Wäre das passend. Ist ja recht teuer. Vielleicht geht es auch günstiger. Der Wasserfall soll möglichst permanent laufen. Nachts würde ich ihn zum Stromsparen abstellen, genauso wie in den Wintermonaten, wenn die Terrasse nicht genutzt wird.

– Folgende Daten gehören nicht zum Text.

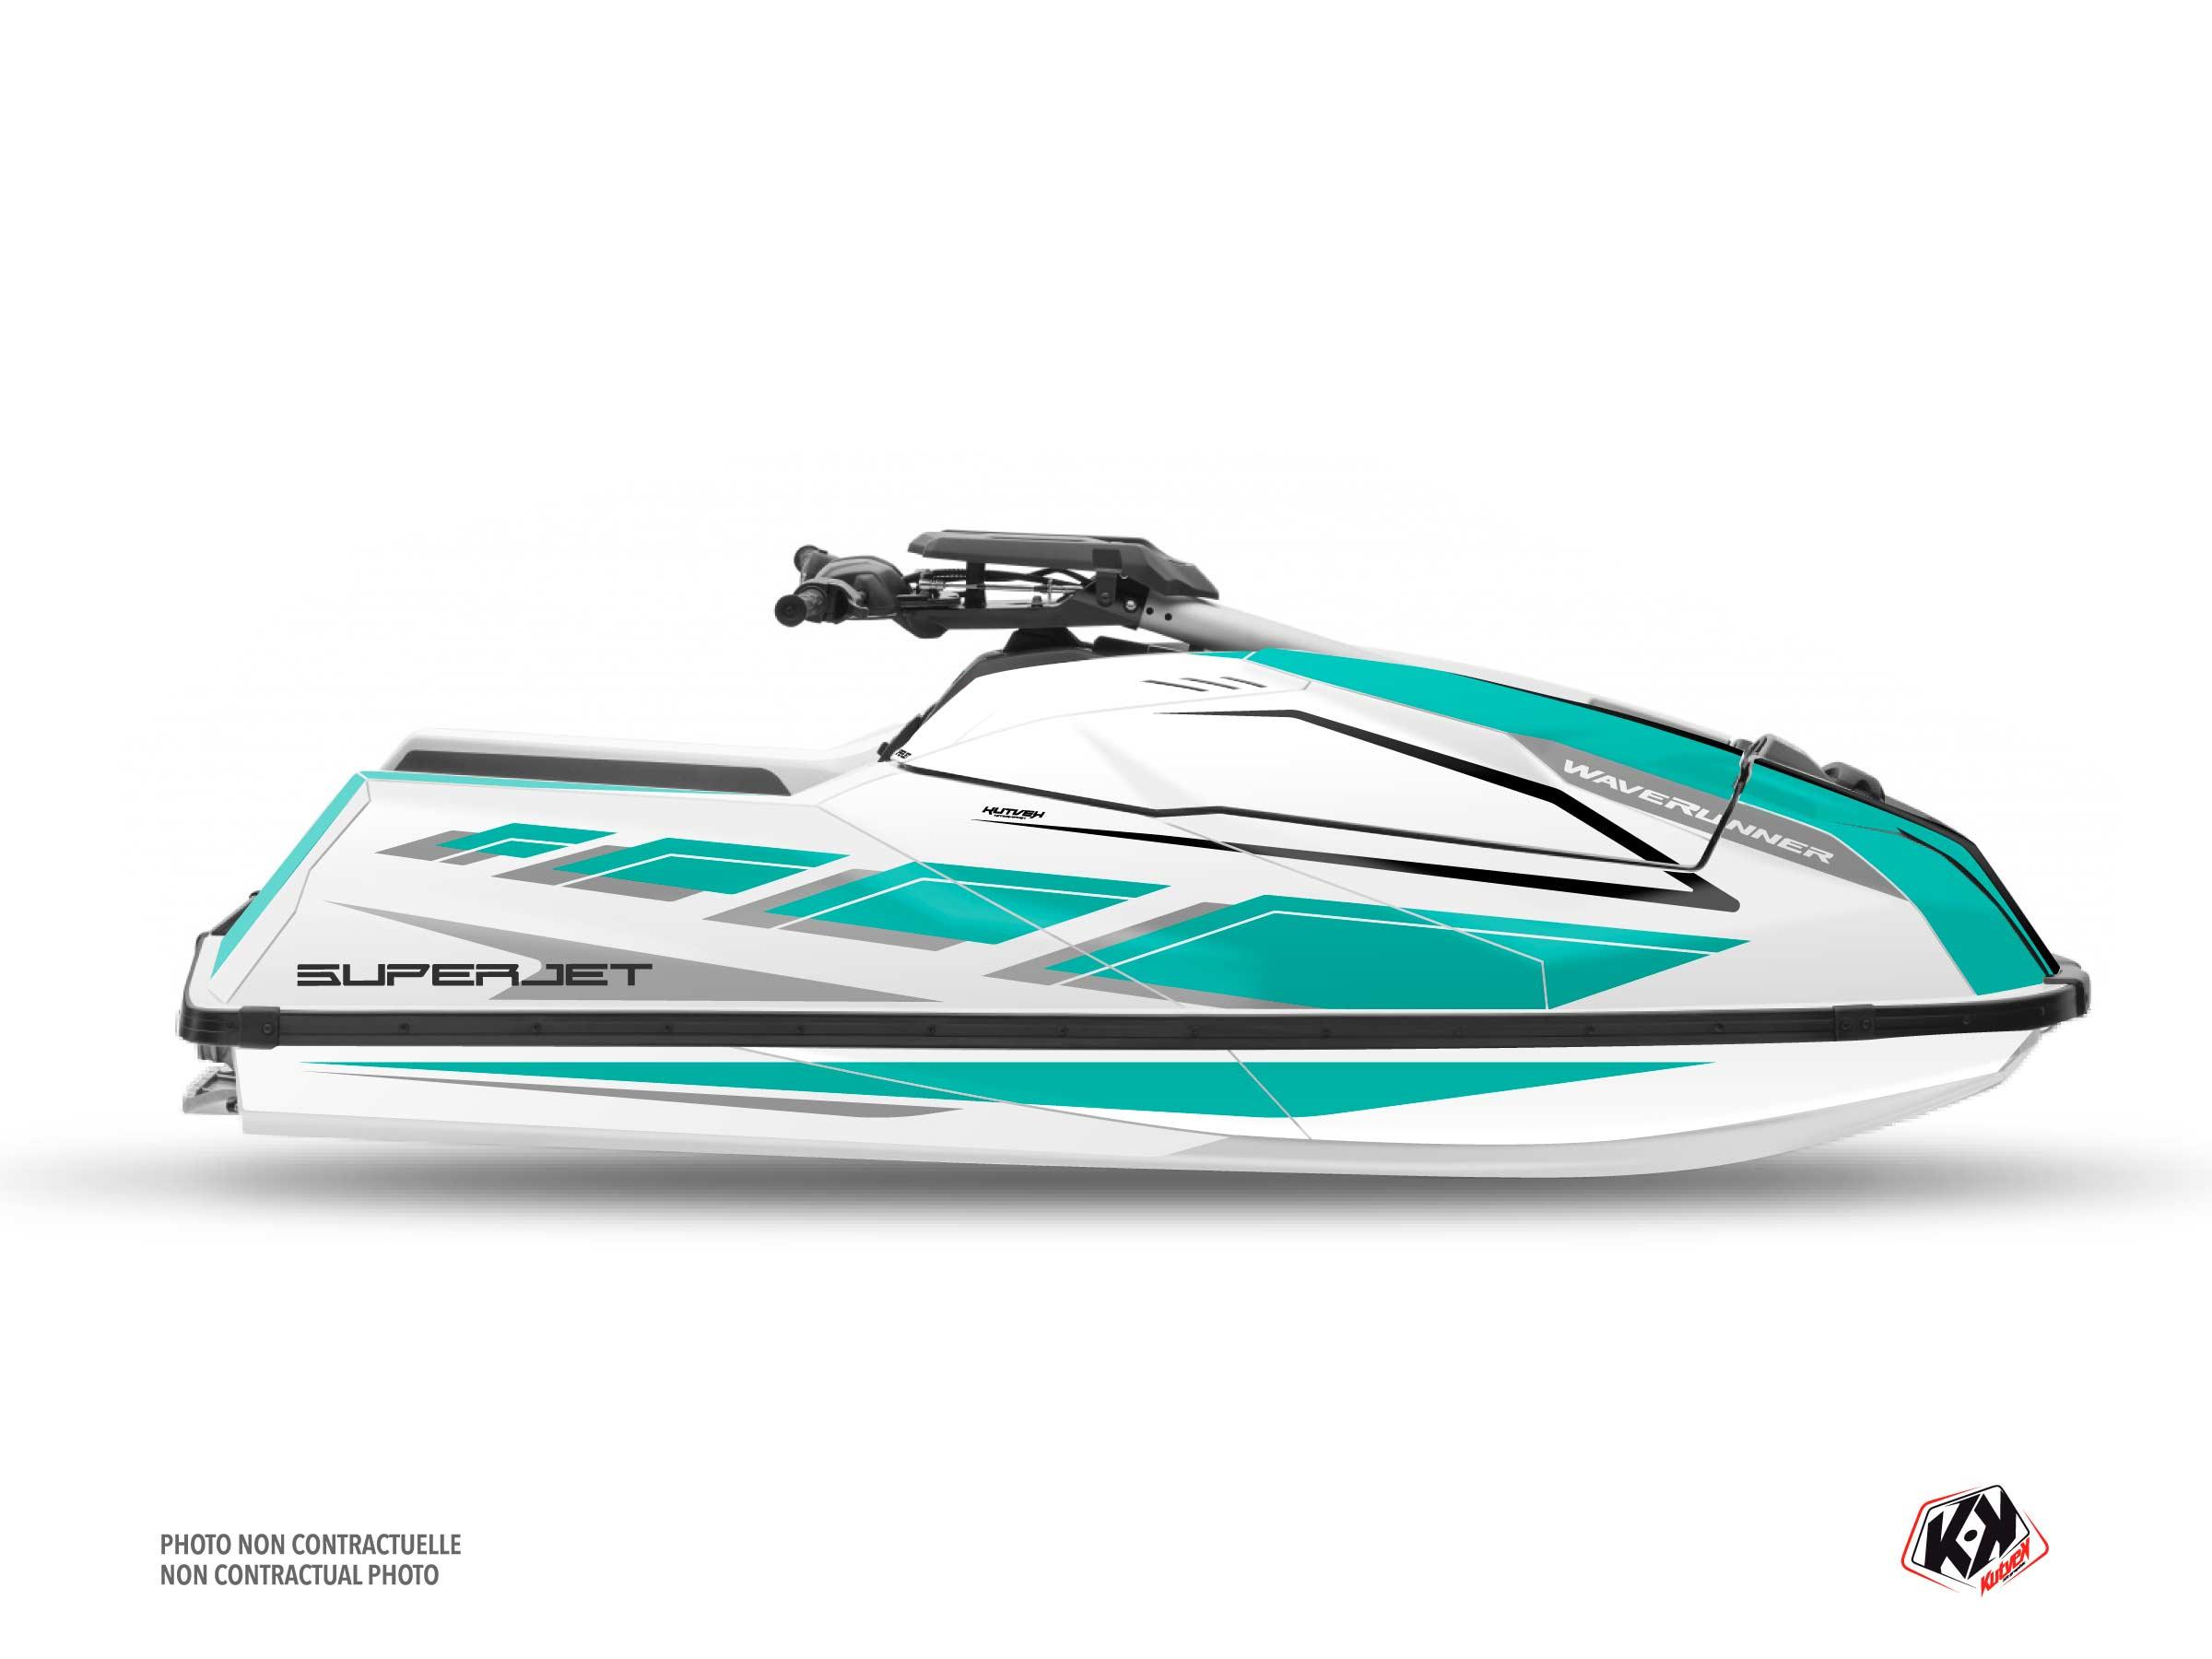 Kit Déco Jet-Ski PERF Yamaha Superjet 2021 Turquoise

Bin über Meinungen und Tipps sehr dankbar.


----------



## Nori (1. März 2016)

Hallo,
ich würde folgende Konfiguration vorschlagen:
Hol dir ne günstige Pumpe (schwarze Flunder) - ich würde zu einer Eco 4500 raten.
Die verbraucht etwa 35W/Std. und schafft bei 2m Förderhöhe etwa 1000 Liter (immer ab Wasserspiegel rechnen, nicht ab Behälterboden) - kostet etwa 70,- €. Wenn dir das zu wenig ist dann halt die Pumpe ne Nummer größer...
Damit die Sache ohne Trockenlauf etc. betrieben werden kann kannst die Pumpe über einen elektronischen Pegelschalter von H-Tronic (WPS-1000) anschließen - der schaltet die Pumpe ab, wenn der Pegel zu niedrig wird,  bevor die Pumpe Schaden nehmen kann - einfach Pumpe einstecken und Sensor im Becken postieren (kostet etwa 35,- €)
Einen Filter würde ich nicht verbauen - allerdings würde ein kleiner 5 oder  9 Watt UVC (einfach in die Druckleitung nach der Pumpe einbauen) zur Wasserklarheit beitragen (ich kann aus Erfahrung den Algclear von Ubbink empfehlen - sehr robust und qualitativ hochwertig verarbeitet - gibt's bei www.tara-teich-garten.de für 39,- € bzw. 49 € plus Versand)

Gruß Nori


----------



## ollonois (1. März 2016)

Erstmal danke für deine Antwort. 1000l/h ist ja nichtmal 1,5l/min. Das klingt dann doch etwas mau. Da müsste es wohl doch was kräftigeres her. Geht tatsächlich so viel Pumpleistung verloren?


----------



## Nori (1. März 2016)

Da hast du aber einen Rechenfehler - das sind etwa 16 Liter/Minute - etwa 2-3 Mal soviel wie ne normale Wasserleitung bringt.

Gruß Nori


----------



## ollonois (1. März 2016)

jep.

Nimmt der UV-Filter nochmal wesentlich was von der Förderleistung weg?


----------



## Nori (1. März 2016)

Bei diesen kleinen Fördermengen nimmt der nicht viel weg - was anderes wäre wenn du mit einer 10.000-er Pumpe rel. ebenerdig in so einen kleinen Klärer reinpumpst - da geht was verloren - bei deinem Vorhaben wird das unwesentlich sein.
Trotzdem würde ich mit dem vom Klärer vorgegeben größten Schlauchquerschnitt arbeiten - dürfte 1,5" sein.

Gruß Nori


----------



## ollonois (1. März 2016)

Ok das hilft mir schon mal weiter. Kann man die UV-Lampe wechseln? 5000 Betriebsstunden sind bei Dauerbetrieb ja nicht die Welt.


----------



## Nori (1. März 2016)

Die wechselt man bei Dauerbetrieb einmal im Jahr - ist bei diesem Klärer leicht zu wechseln und die Lampe kostet von Philips keine 10 €.
Du musst die UVC auch nicht den ganzen Tag laufen lassen - kann man leicht mittels Zeitschaltuhr einstellen - 2 Einschaltzeiten täglich mit 3 Std. Brenndauer z.B. sind kein Problem...

Gruß Nori


----------



## trampelkraut (1. März 2016)

Hallo!

Sehr hilfreich wäre ein Bild vom Wasserfall, damit man wenigstens annähernd sehen kann wieviel Wassermenge ca, benötigt wird.So einfach ins Blaue eine Pumpe kaufen halte ich für keine gute Idee. Je nach Wassermenge muß ja auch die Leitung dazu ausgelegt sein. Die UVC halte ich für eine gute Idee und auf einen Filter würde ich auch verzichten.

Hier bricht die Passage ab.